Modeling Drug-induced Changes in Organ Blood Flow
Meperidine is of particular interest in this study because it appeared to have flow-limited kinetics in the brain, yet it also reliably altered CBF. Although the modeling method used accounted for these drug-induced changes in flow, this raises the question to what extent should physiologic models of cerebral pharmacokinetics account for this phenomenon. Bjorkman et al.  showed that ketamine can reduce CBF and confirmed the need to account for organ blood flow changes in direct mass balance calculations. In the present study, not accounting for drug-induced flow changes did not alter the fit of the flow-limited model to the data, but it did alter the estimate of the apparent volume of the brain by approximately 15%. This would suggest that the transient flow changes observed produced only insignificant changes in the shape of the predicted sagittal sinus concentrations and implies that these models are relatively insensitive to transient flow changes, at least when the apparent tissue volume is relatively large. However, the magnitude of estimated parameters can be erroneous, and ignoring drug-induced changes in organ blood flow cannot be recommended when examining organ drug kinetics.

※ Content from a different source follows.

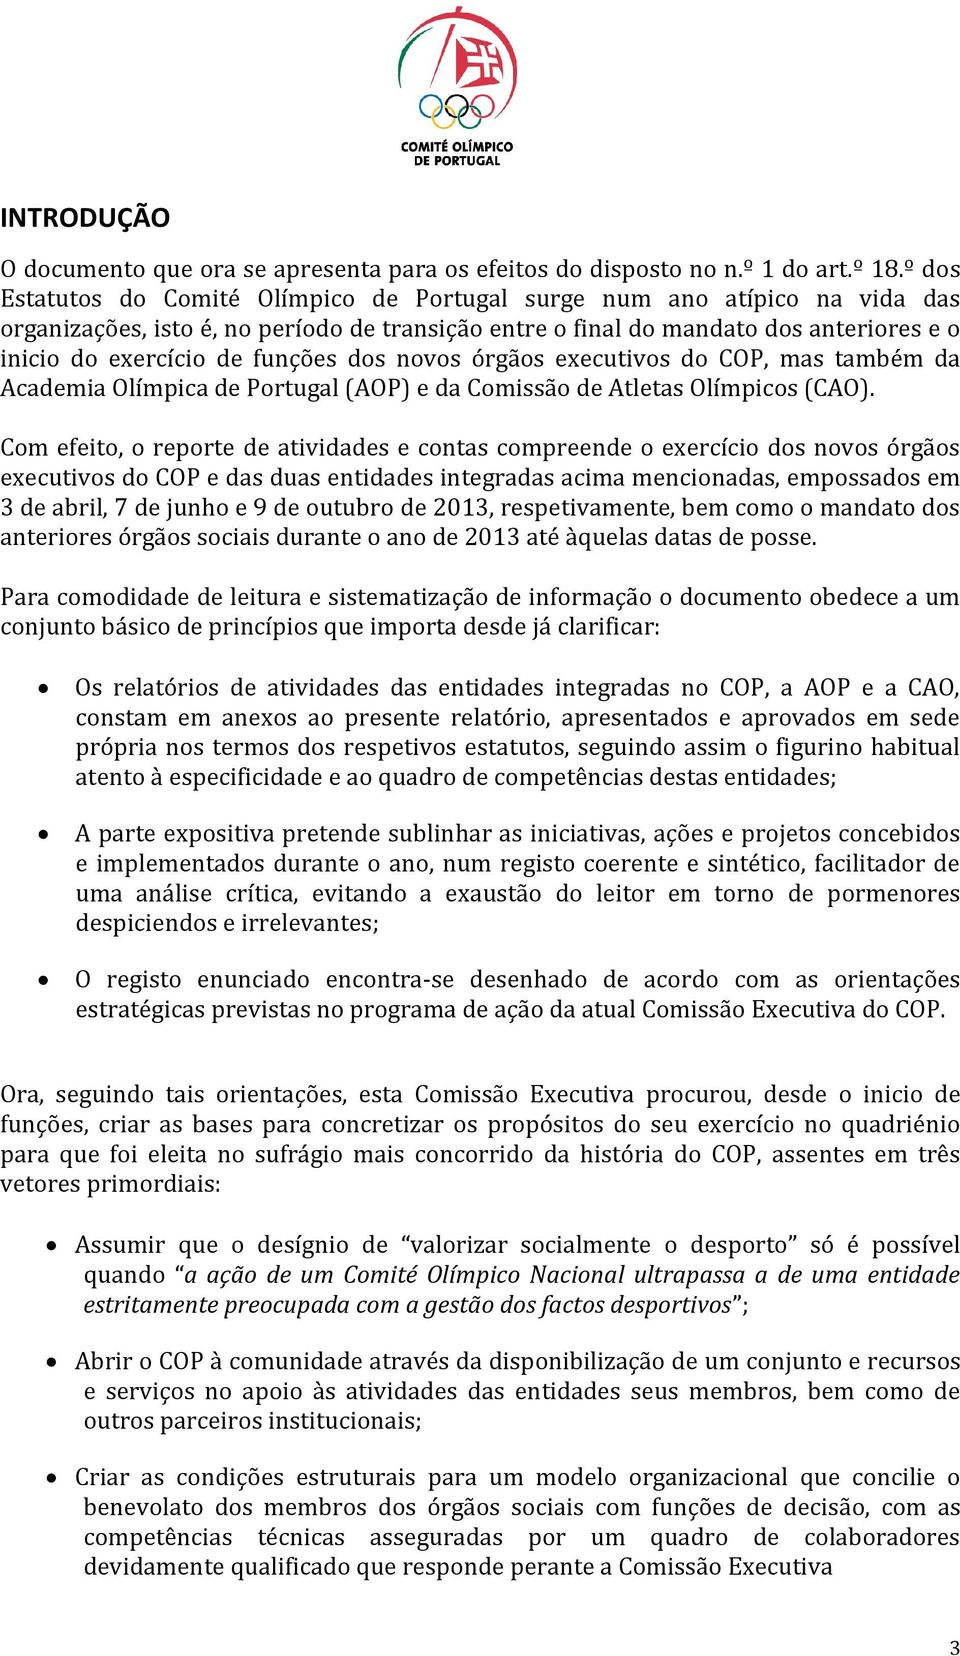 funções dos novos órgãos executivos do COP, mas também da Academia Olímpica de Portugal (AOP) e da Comissão de Atletas Olímpicos (CAO).

Opioid Effects on Cerebral Blood Flow and Carbon Dioxide Tension
The possible causes of the CBF increases observed in this study include a direct cerebral vasodilatory effect, drug-induced stimulatory effect, and cerebral vasodilation resulting from increases in carbon dioxide tension. Carbon-dioxide-independent increases in CBF or intracranial pressure after administration of several opioids, including alfentanil, have been recorded previously, whereas a nearly equal number of studies have found no effect. [30–32] It is difficult to interpret the CBF findings in the current study because of drug-induced changes in ventilation and carbon dioxide tension, but the different time courses of CBF and carbon dioxide tension after meperidine administration suggest that mechanisms other than hypoventilation may be involved. It is likely that the stimulatory effect of opioids in sheep contributed significantly to CBF increases and to the time course of carbon dioxide tension changes. Significant opioid-induced dysphoria  was observed in all sheep in the current study during the first few minutes after administration of meperidine or alfentanil. Considerable variation in CBF associated with stimulation was previously recorded in awake sheep,  and the time course of the CBF increases displayed in Figure 1appeared to follow the time course of the drug's dysphoric effects. Further, simultaneous stimulation of ventilation may explain the minimal change in carbon dioxide tension for the first 10 min after meperidine administration. Probably this was replaced by ventilatory depression once dysphoria subsided.